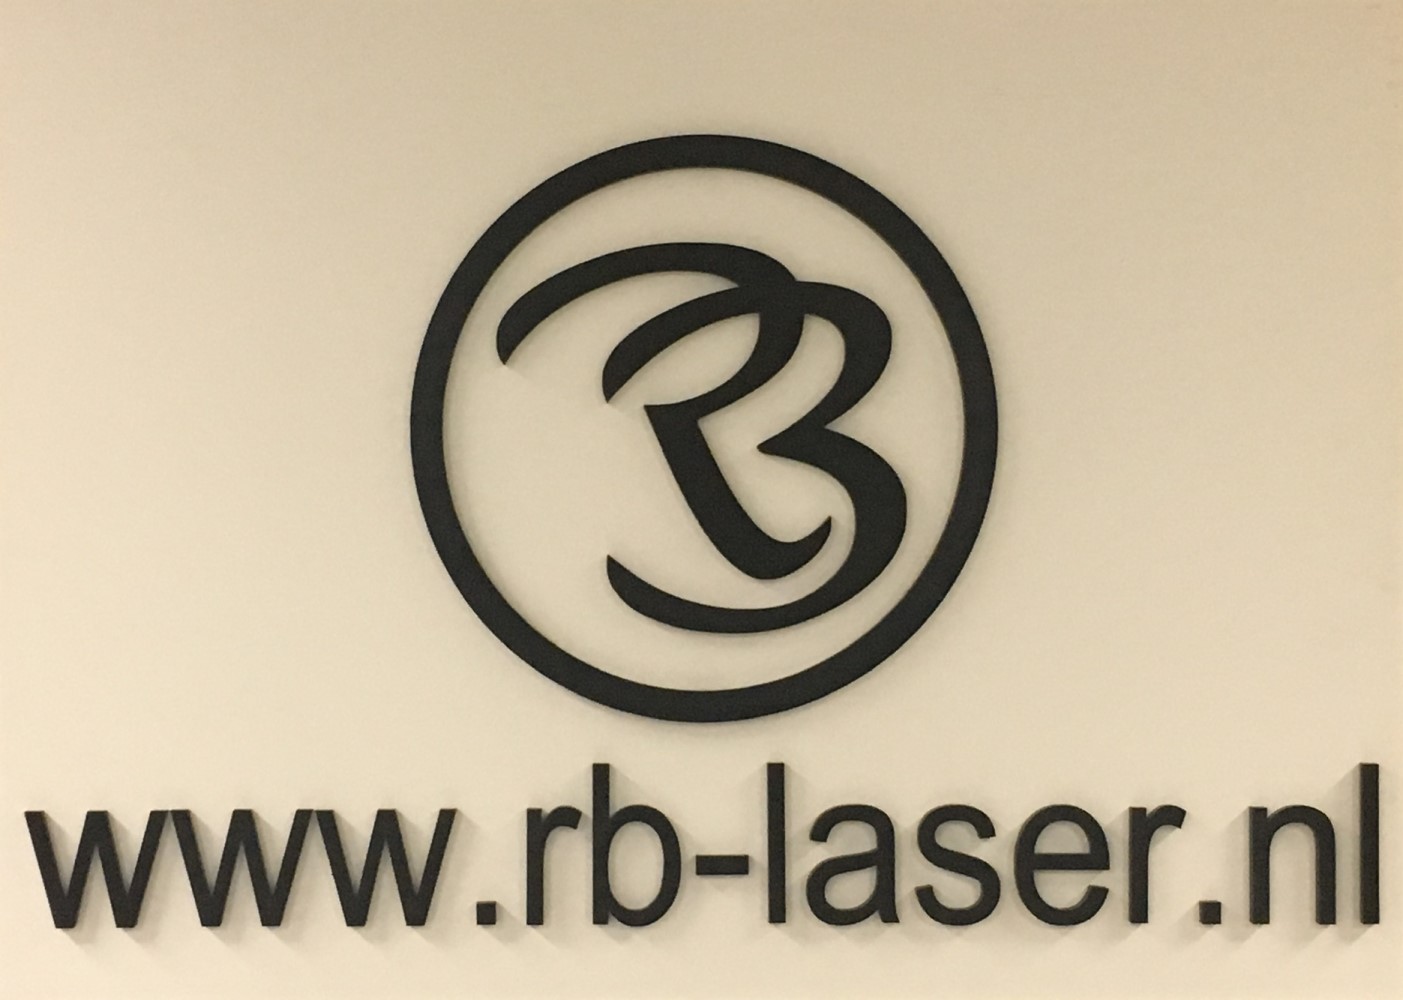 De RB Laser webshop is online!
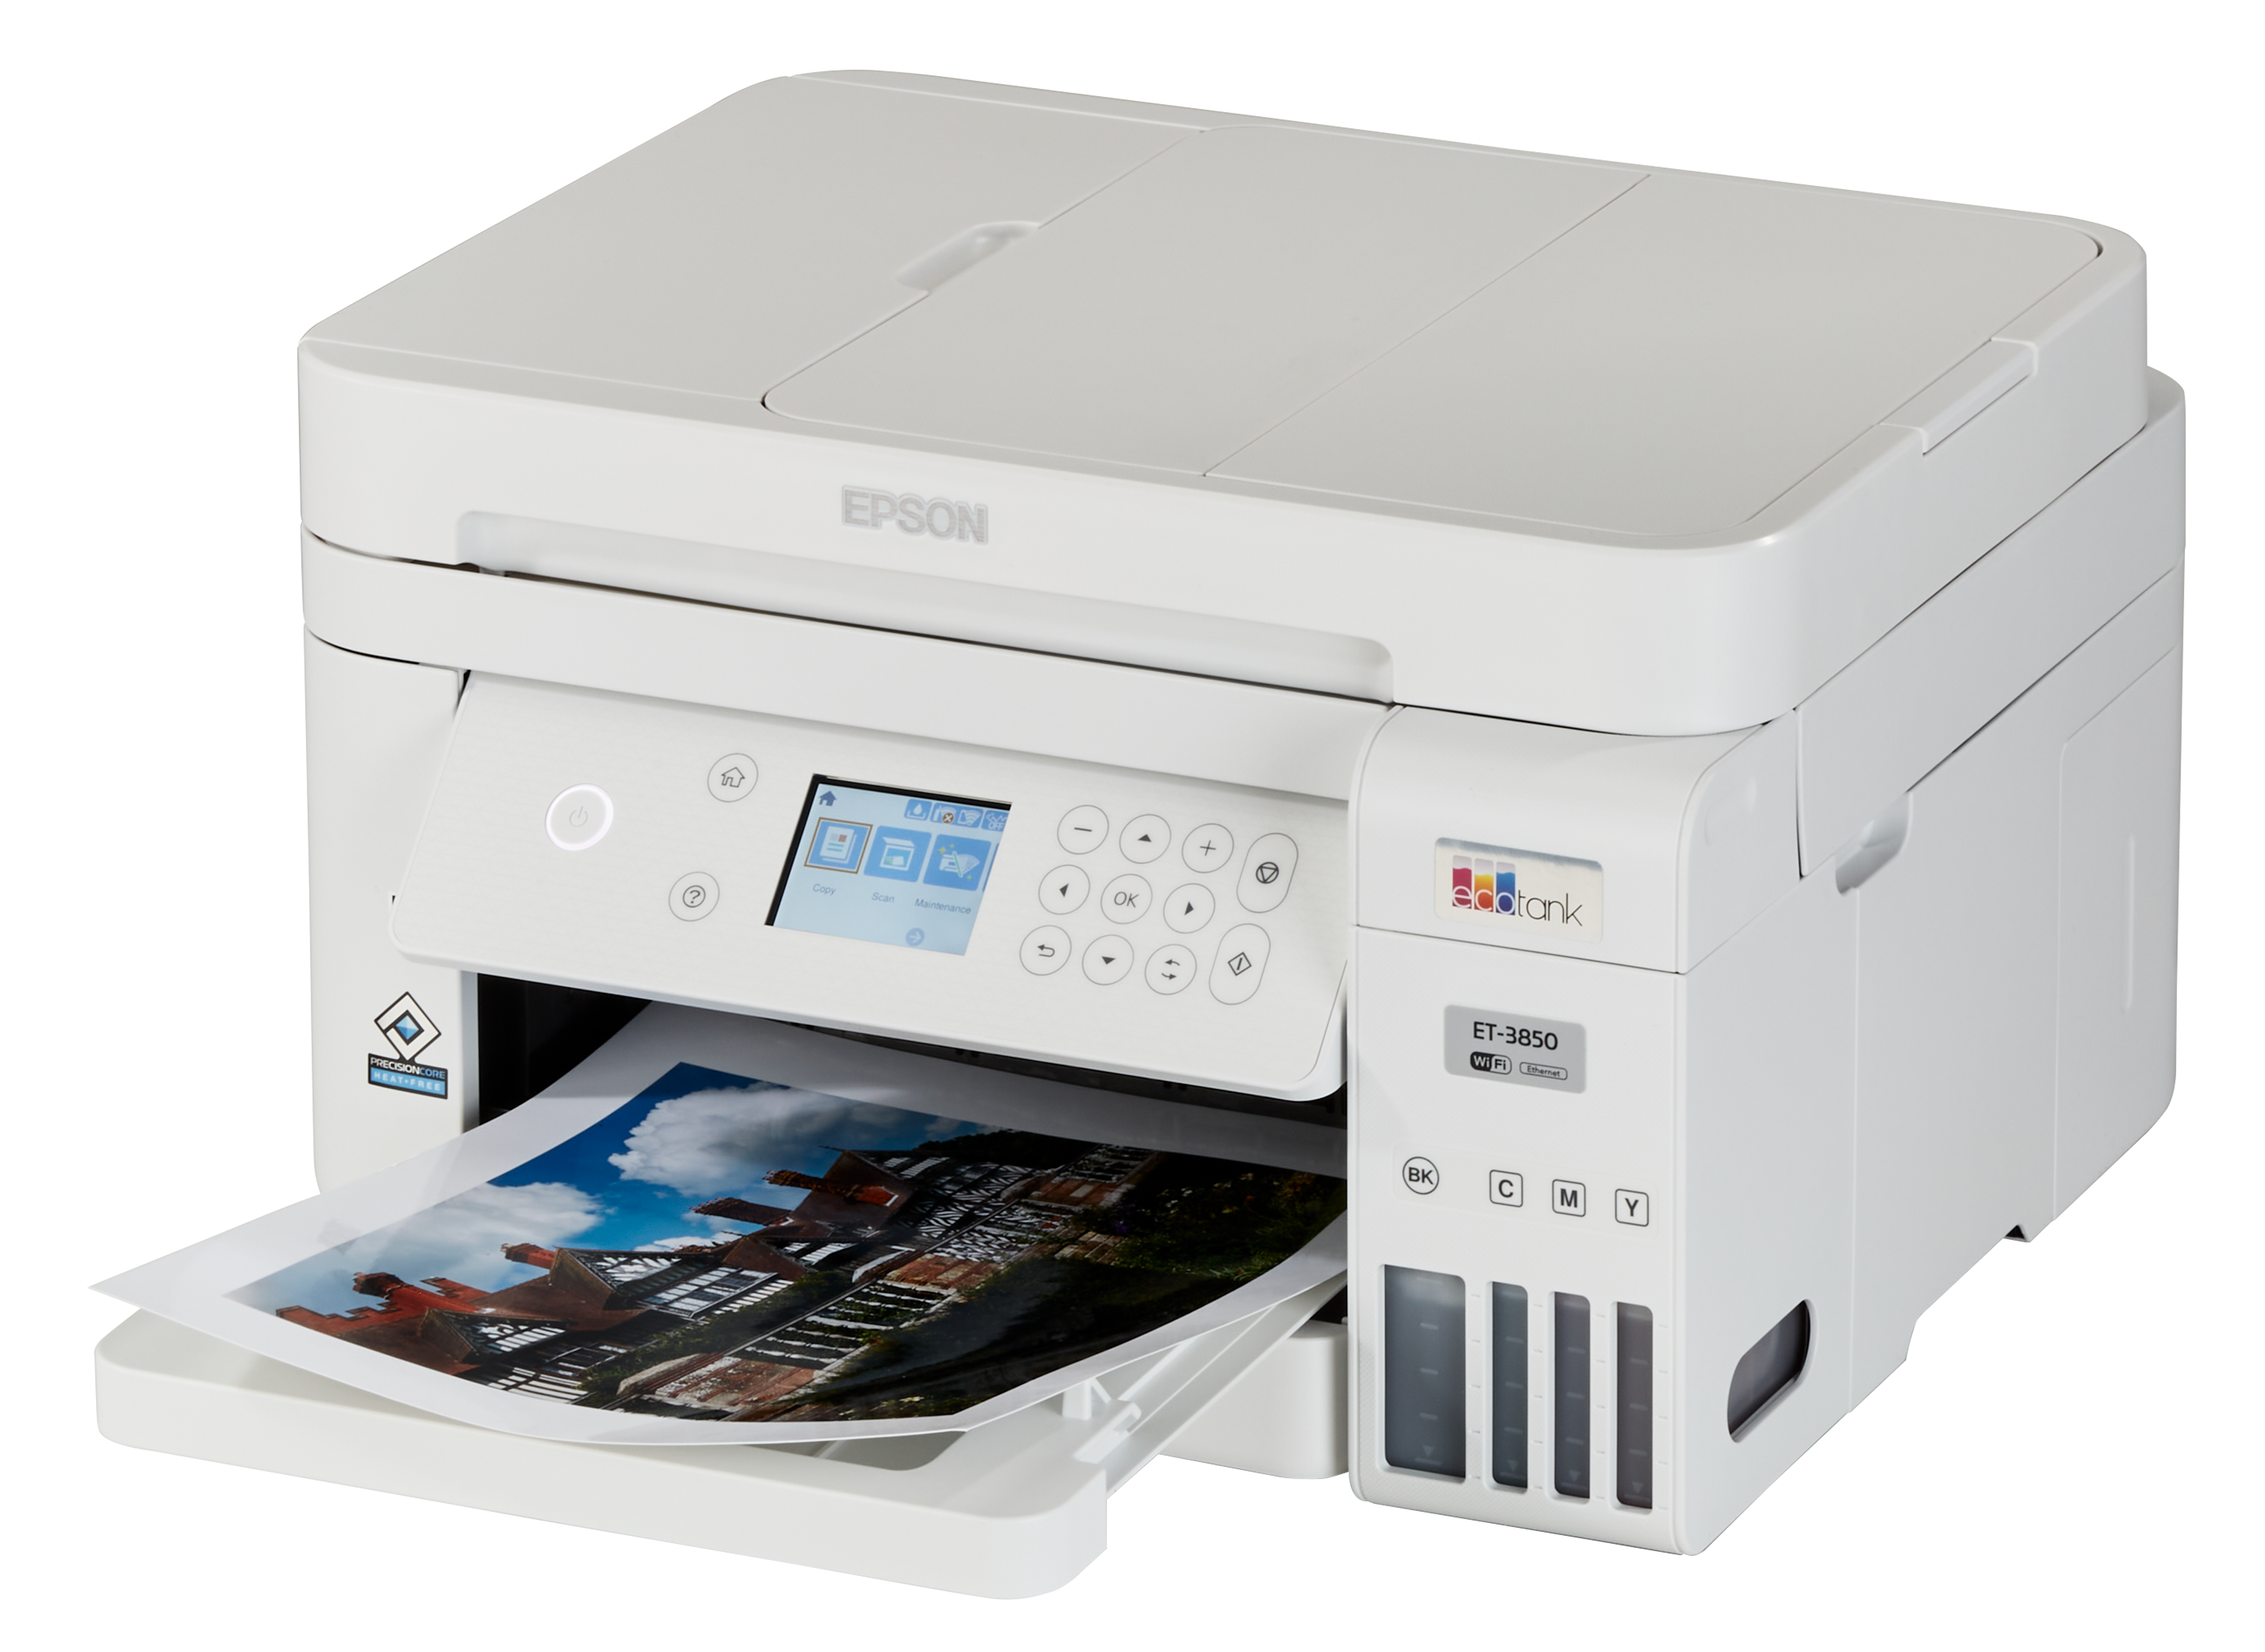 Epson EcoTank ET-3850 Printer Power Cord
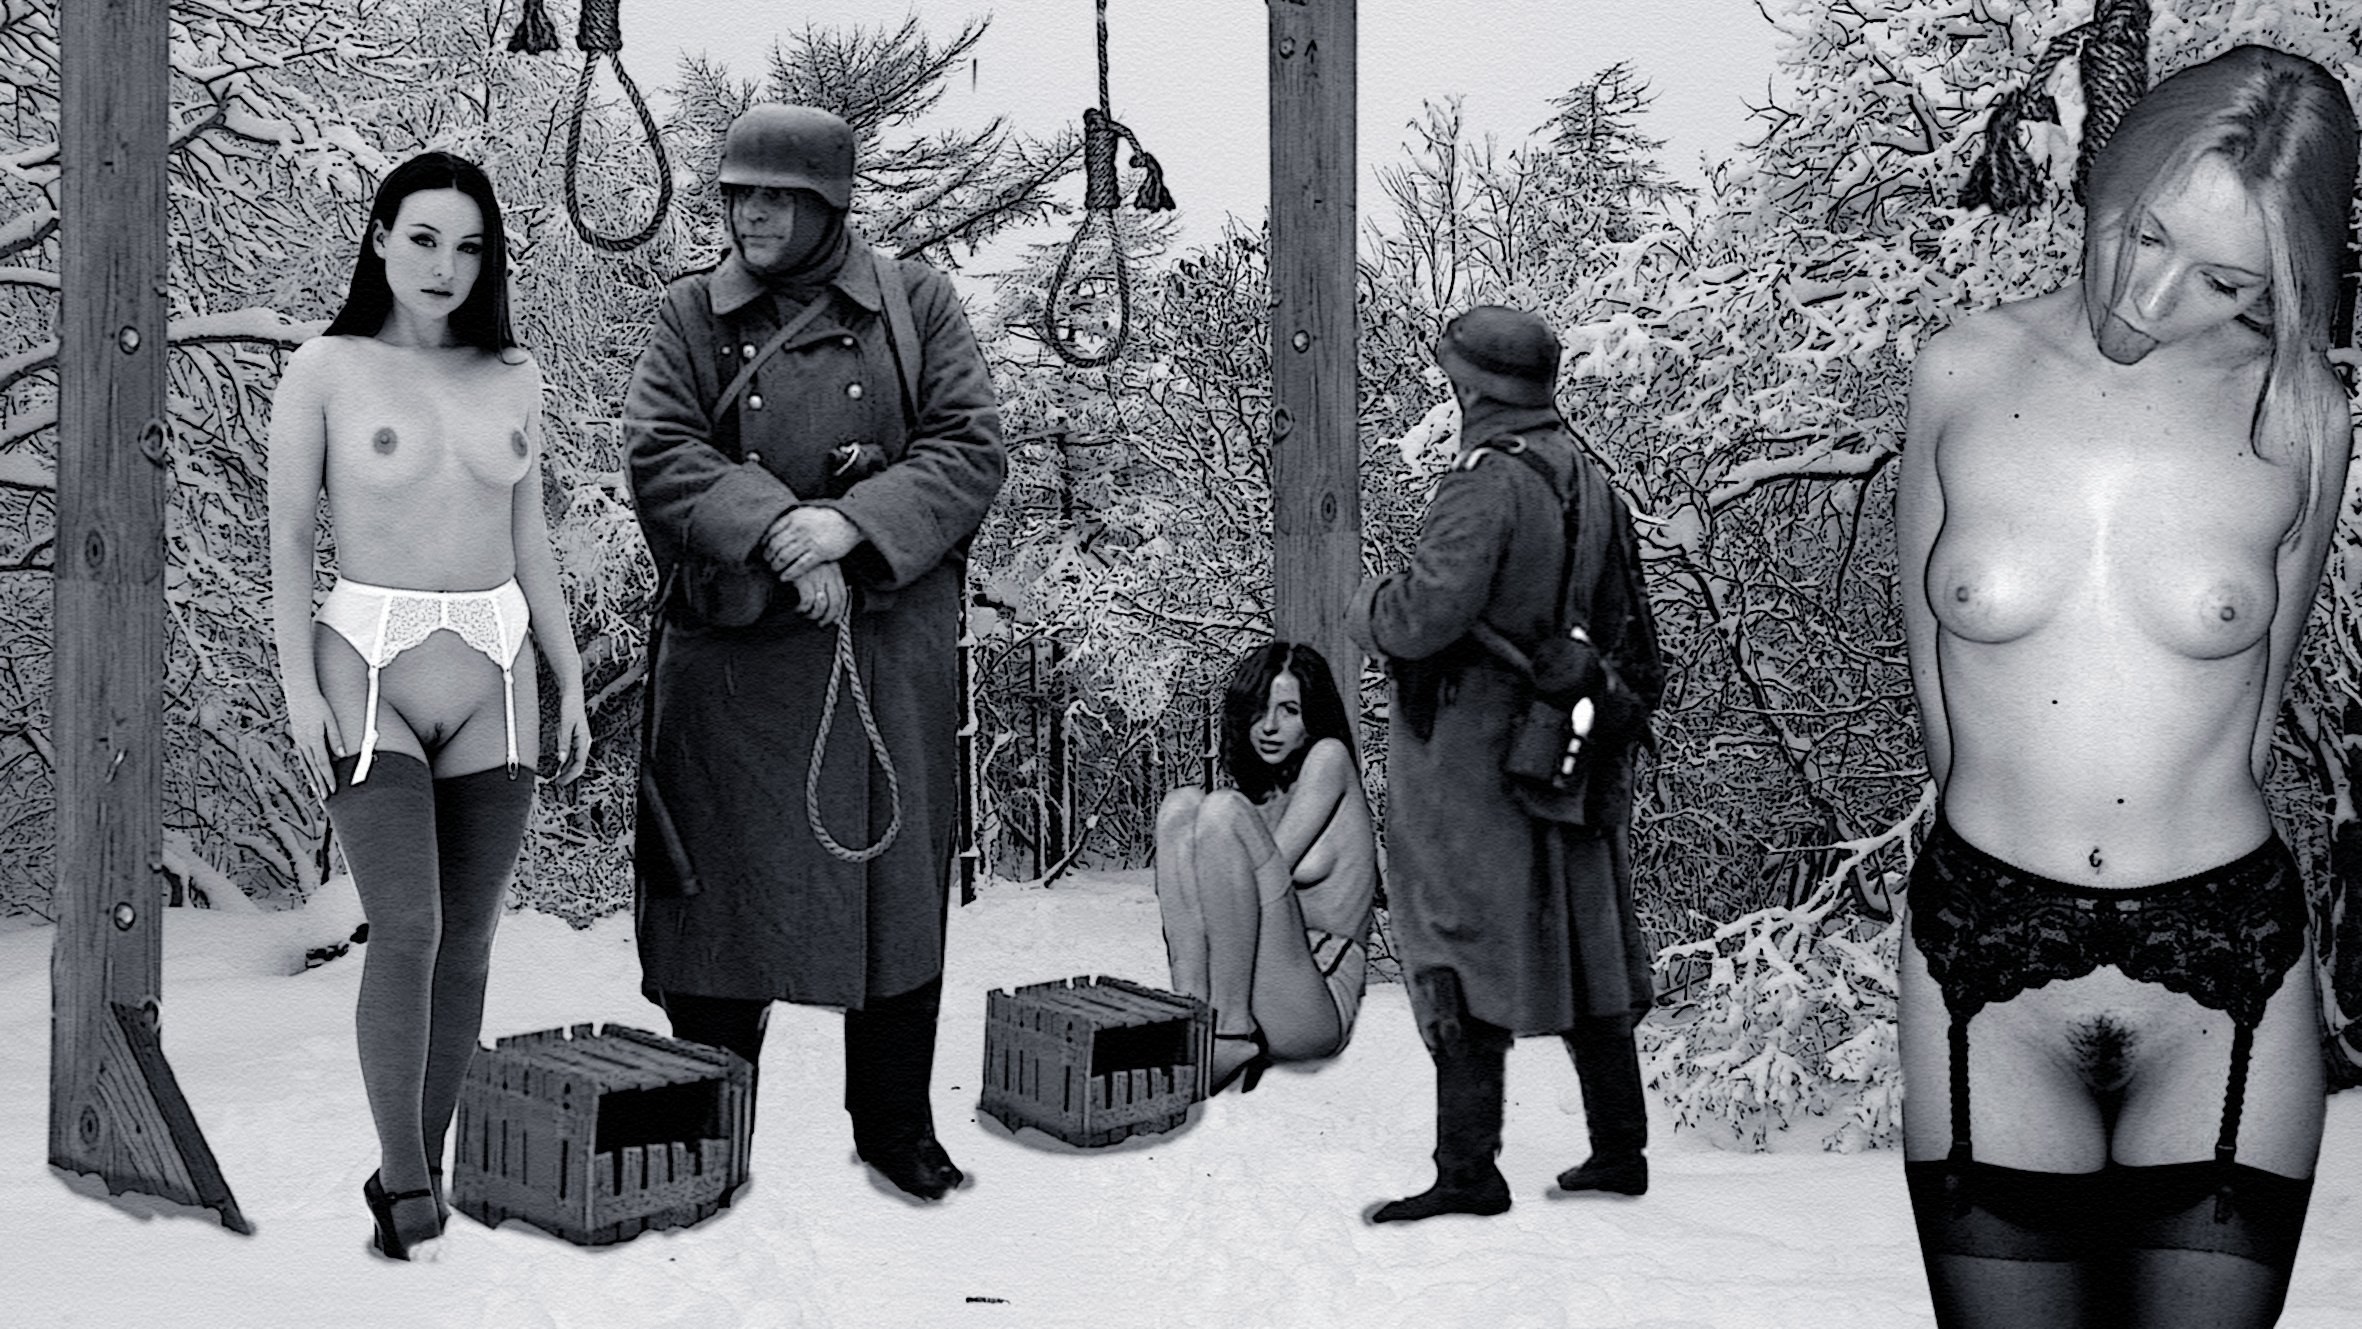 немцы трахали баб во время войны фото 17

### [WHAT IS NEEDED]
Leave out the pictures, and please output only the lines from the line that contains "Epson EcoTank ET-3850 Printer Power Cord" through the end of the data, both ends included.

### [COMPLETED TASK]
 Epson EcoTank ET-3850 Printer Power Cord
 немцы трахали баб во время войны фото 17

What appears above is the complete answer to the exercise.